The analysis begins with a physical description of the crust. In the outer layers (densities 10^9–10^11 g cm⁻³) the temperature profile established during the outburst determines the initial steep decline of the lightcurve. The slope of this early power‑law directly measures the outward heat flux that the accreted material deposited, providing a diagnostic of the average heating rate during the years‑long accretion phase. As the cooling wave propagates inward, the thermal diffusion time grows with depth, and after a few hundred days the lightcurve exhibits a “break.” The authors identify this break with the depth at which the ion lattice transitions from a classical to a quantum crystal, a region that lies close to the neutron‑drip density (≈4×10^11 g cm⁻³). At this transition the heat capacity of the lattice changes, and, crucially, the contribution of free neutrons to the specific heat becomes decisive.

A key result of the fitting procedure is that the observed rapid post‑break cooling can only be reproduced if the free neutrons are in a superfluid state throughout the inner crust. Superfluidity suppresses the neutron specific heat by orders of magnitude, allowing the crust to lose heat on the observed timescales. If the neutrons were normal (non‑superfluid), the inner‑crust heat capacity would be too large, and the model lightcurve would decay far more slowly than the data. Thus the cooling observations provide indirect but compelling evidence for a pervasive neutron superfluid in the inner crust.

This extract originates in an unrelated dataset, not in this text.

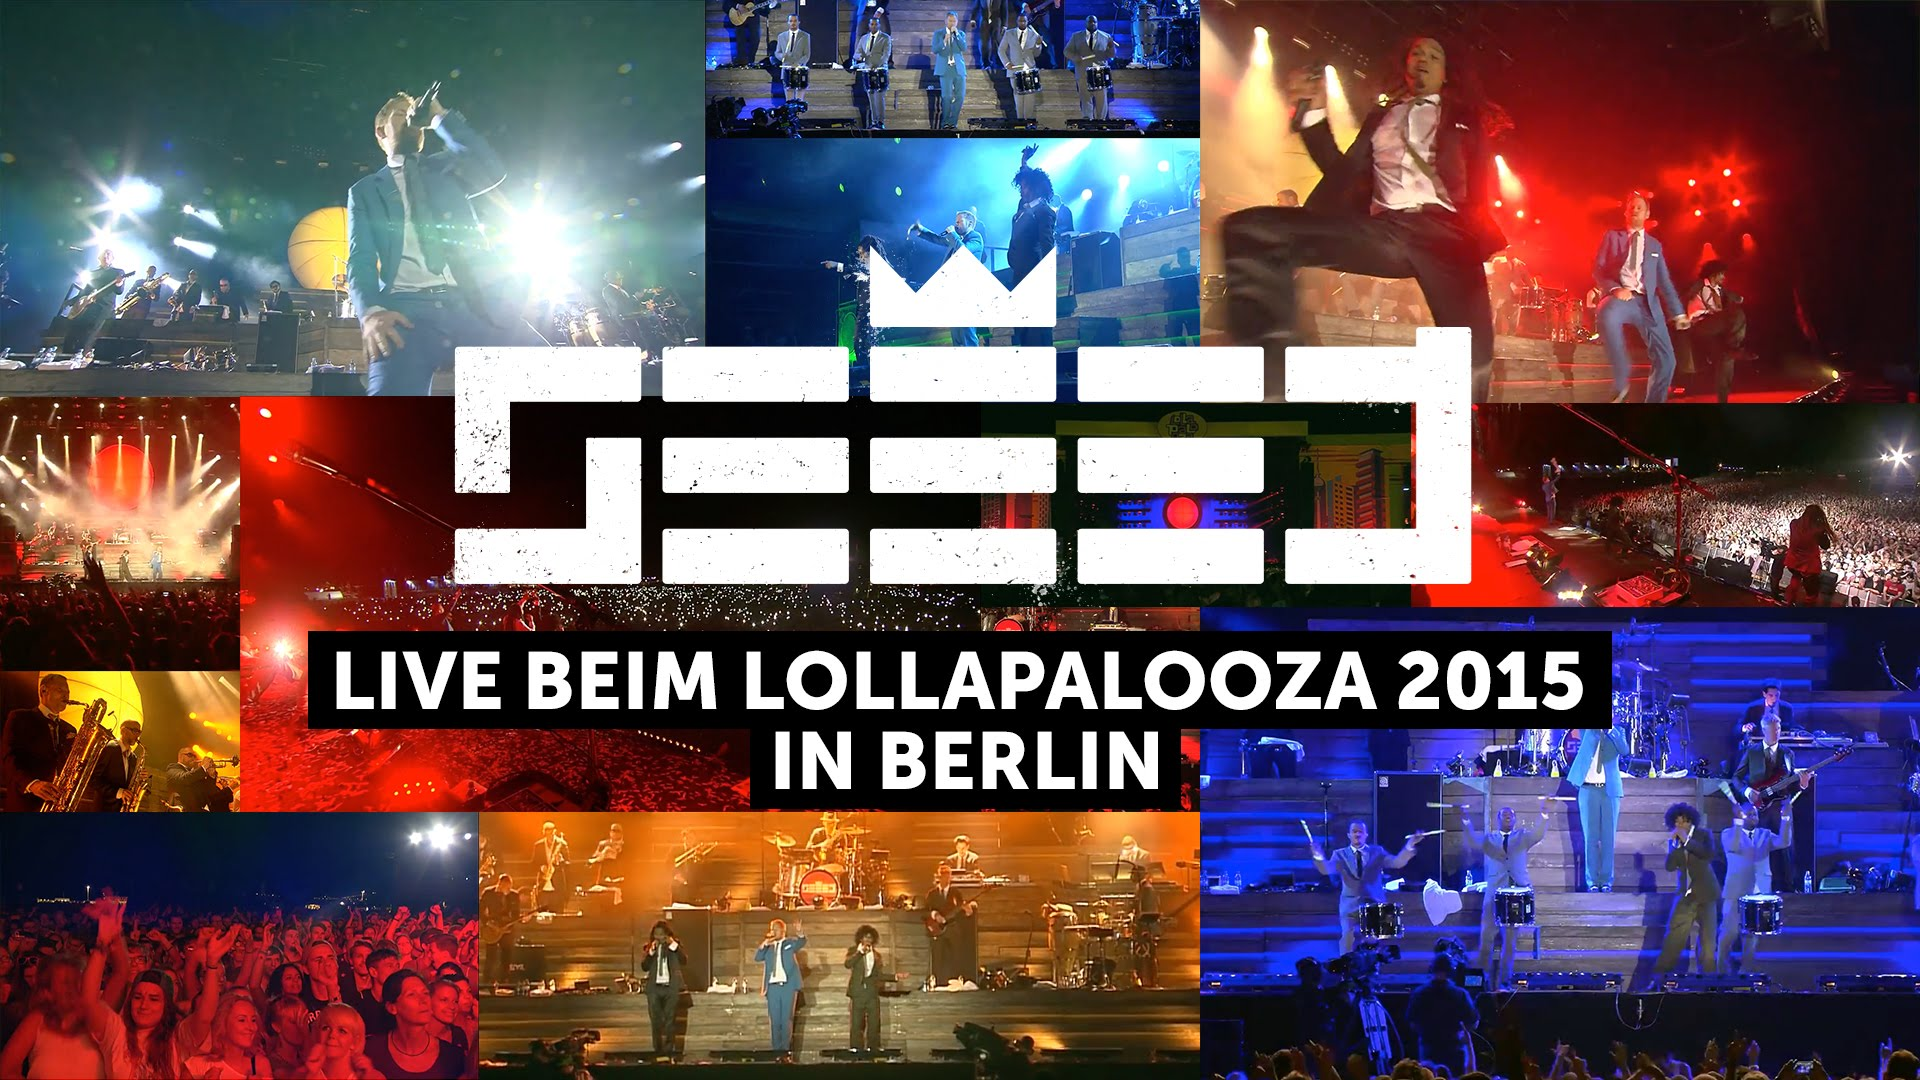 Seeed @ Lollapalooza Berlin 2015 (Full Show) [9/13/2015]

The impurity parameter, which quantifies the degree of compositional disorder in the ion lattice, emerges from the fits as Q_imp≈1 (within a factor of two) for both sources. Such a low value implies a highly ordered crystal with minimal scattering of electrons, consistent with a high electron thermal conductivity (κ≈10^20 erg cm⁻¹ s⁻¹ K⁻¹). This high conductivity is essential for reproducing the relatively short thermal diffusion times inferred from the data and confirms earlier findings by Shternin et al. that neutron‑star crusts are “clean” rather than amorphous.

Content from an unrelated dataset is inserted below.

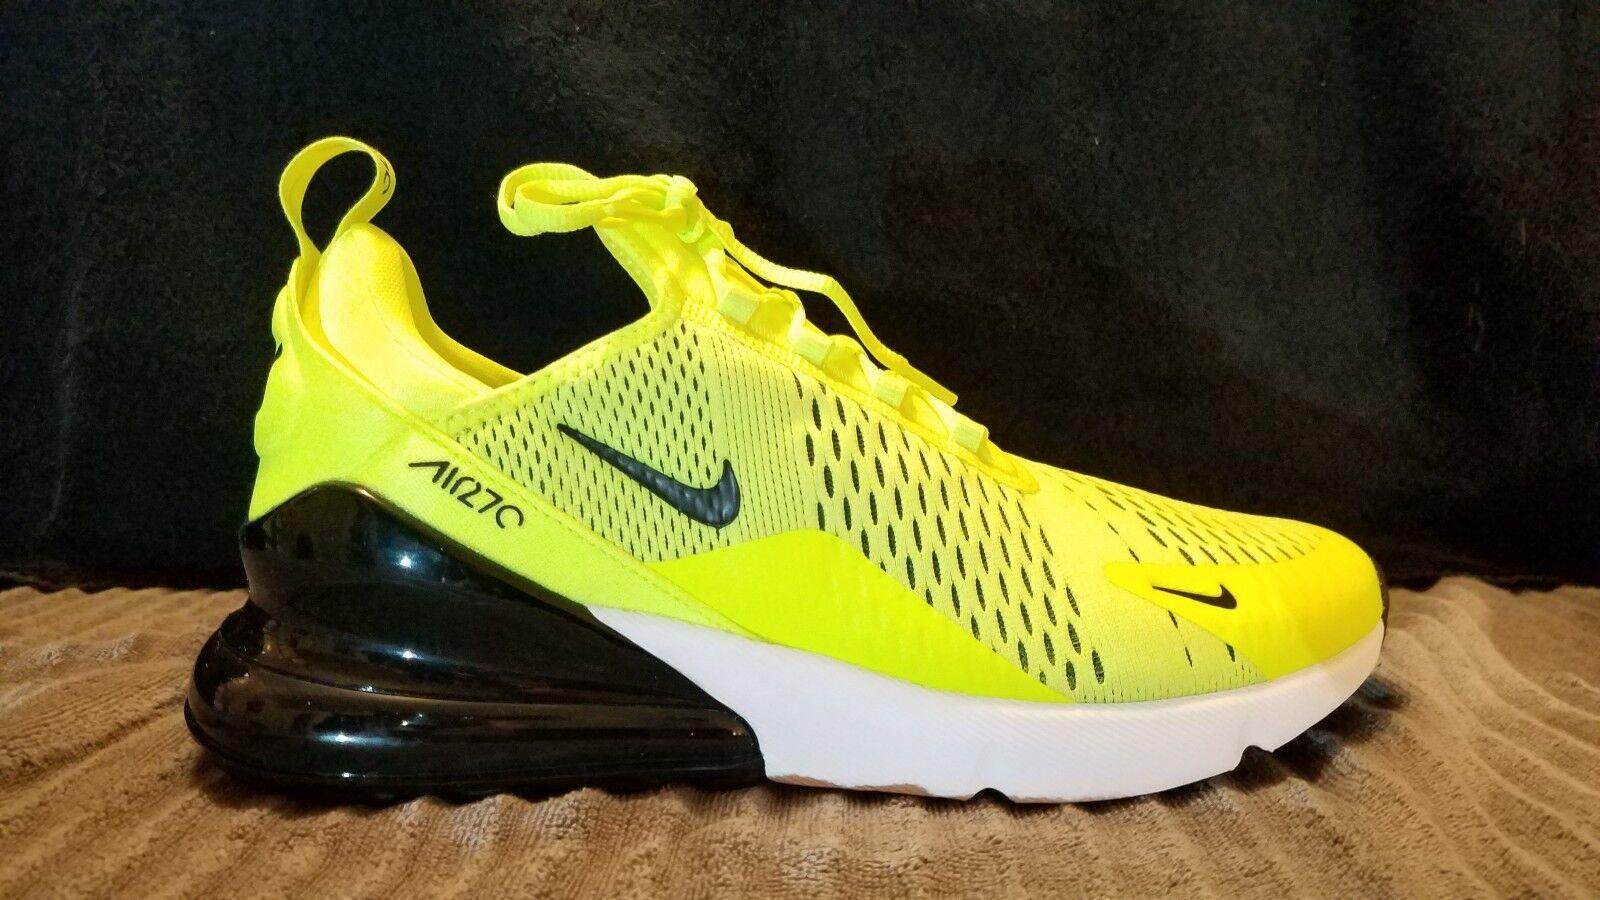 c730e6b3c02b Nike Air Max Max Max 270 AH8050-701 size 11 632281 - slippers ...

By simultaneously fitting the cooling curves of KS 1731‑260 (which experienced a ~12‑year outburst) and MXB 1659‑29 (≈2‑year outburst), the authors demonstrate that a single set of crustal parameters can describe both systems despite their different outburst histories. The outer‑crust temperature gradient derived from the fits corresponds to an average heating flux of order 10^21 erg cm⁻² s⁻¹ during outburst, a value compatible with theoretical estimates of deep‑crustal heating from nuclear reactions such as electron captures and pycnonuclear fusion.

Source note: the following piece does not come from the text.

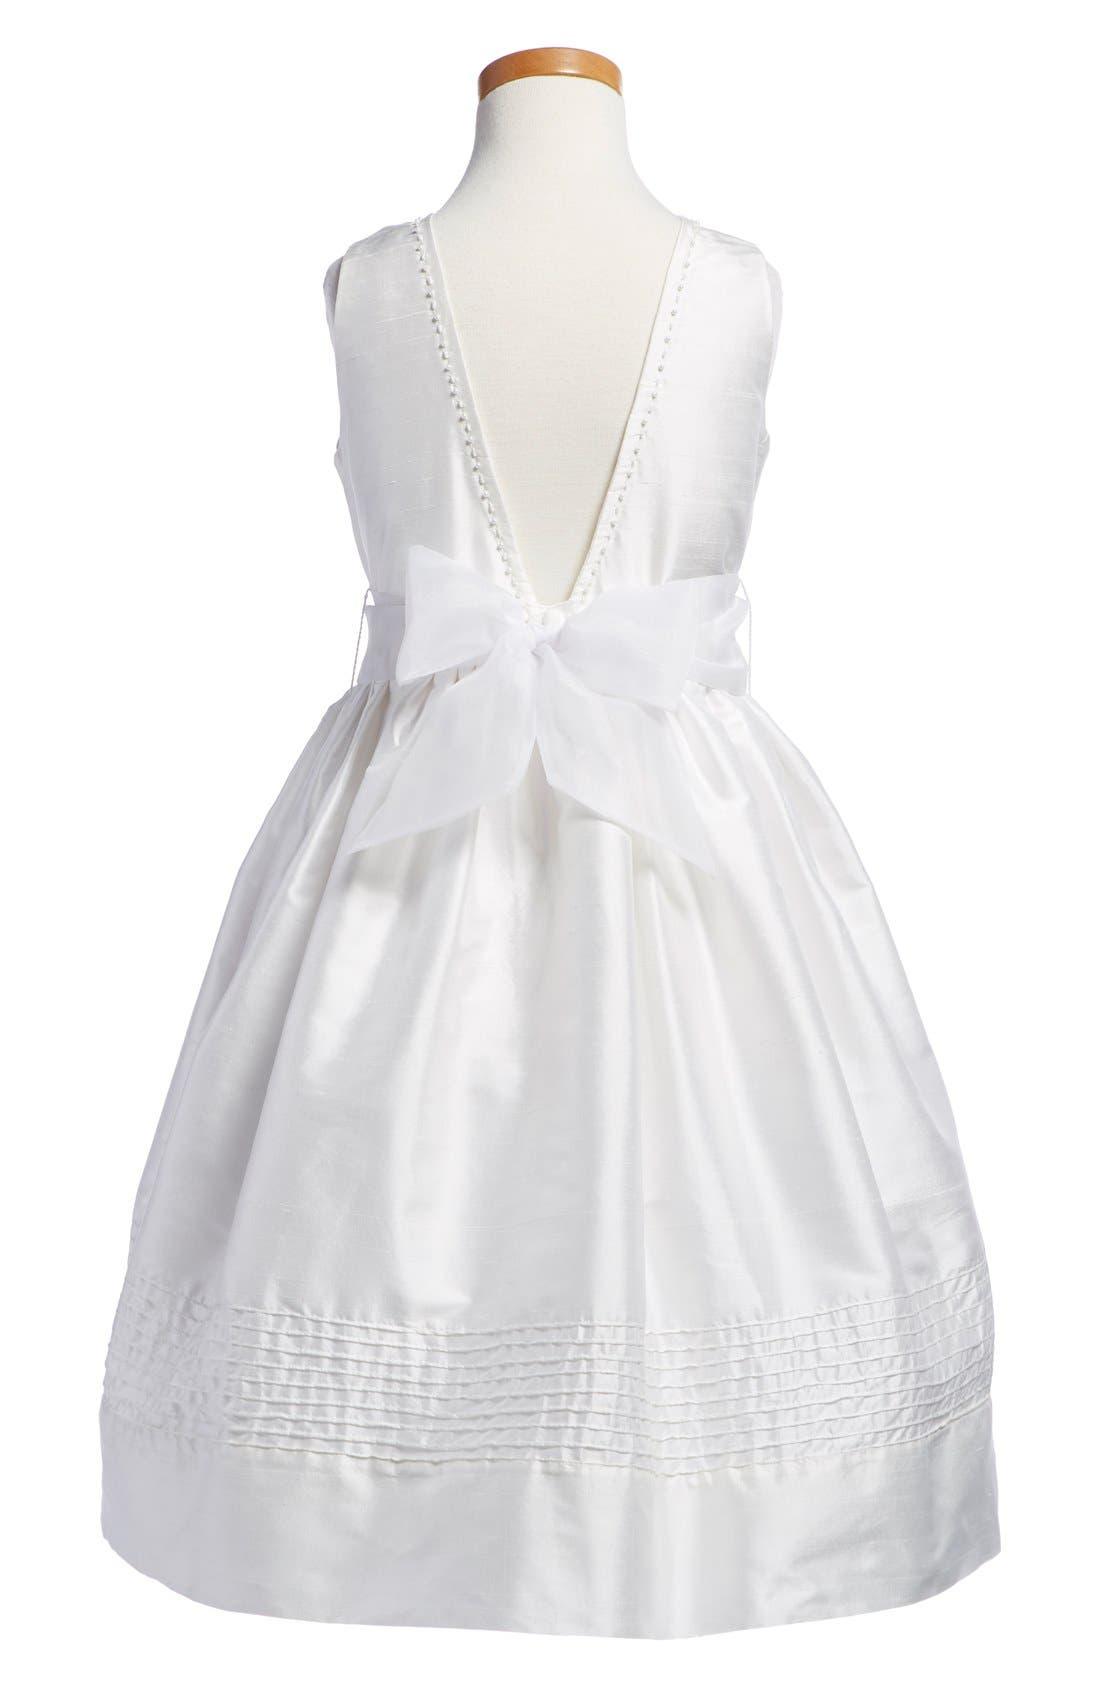 'Melody' Sleeveless Dress,                             Alternate thumbnail 4, color,                             105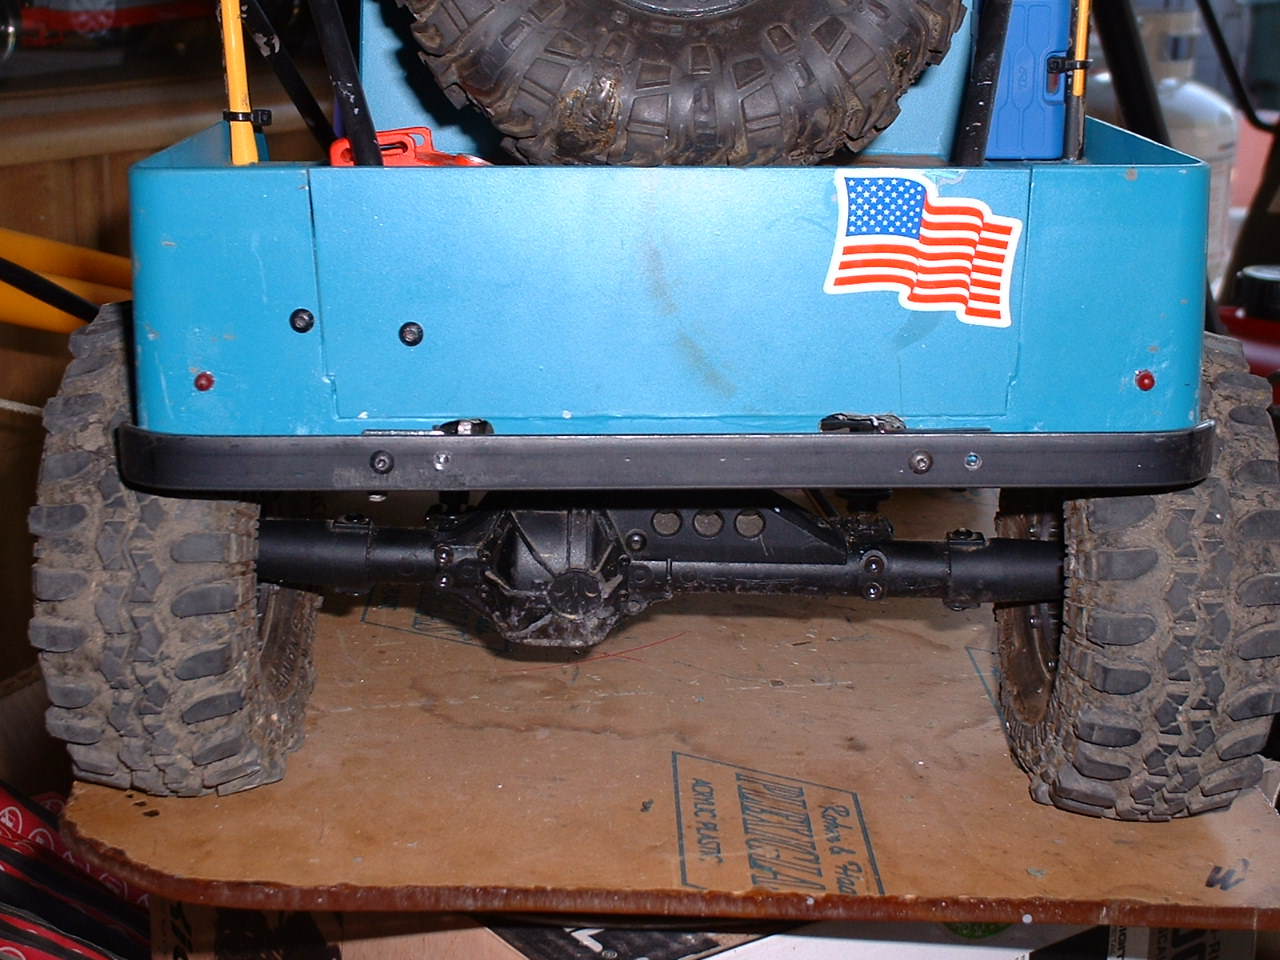 Click image for larger version  Name:G.I. Joe Jeep 7c 004.JPG Views:892 Size:314.1 KB ID:2096624

In summary, the paper establishes that (1) the neutron‑star crust possesses a high electron thermal conductivity and a low impurity content, (2) the inner crust must contain a neutron superfluid to account for the observed rapid cooling after the break, and (3) the break in the cooling lightcurve is a robust diagnostic of the depth where the lattice becomes quantum mechanical, i.e., near neutron drip. These conclusions provide stringent constraints on the equation of state of dense matter, the nature of nuclear pasta phases, and the microphysical inputs required for modeling thermal evolution of accreting neutron stars. The methodology demonstrated here—using long‑term X‑ray monitoring to map crustal heating and cooling—opens a powerful observational window onto the physics of matter at supra‑nuclear densities.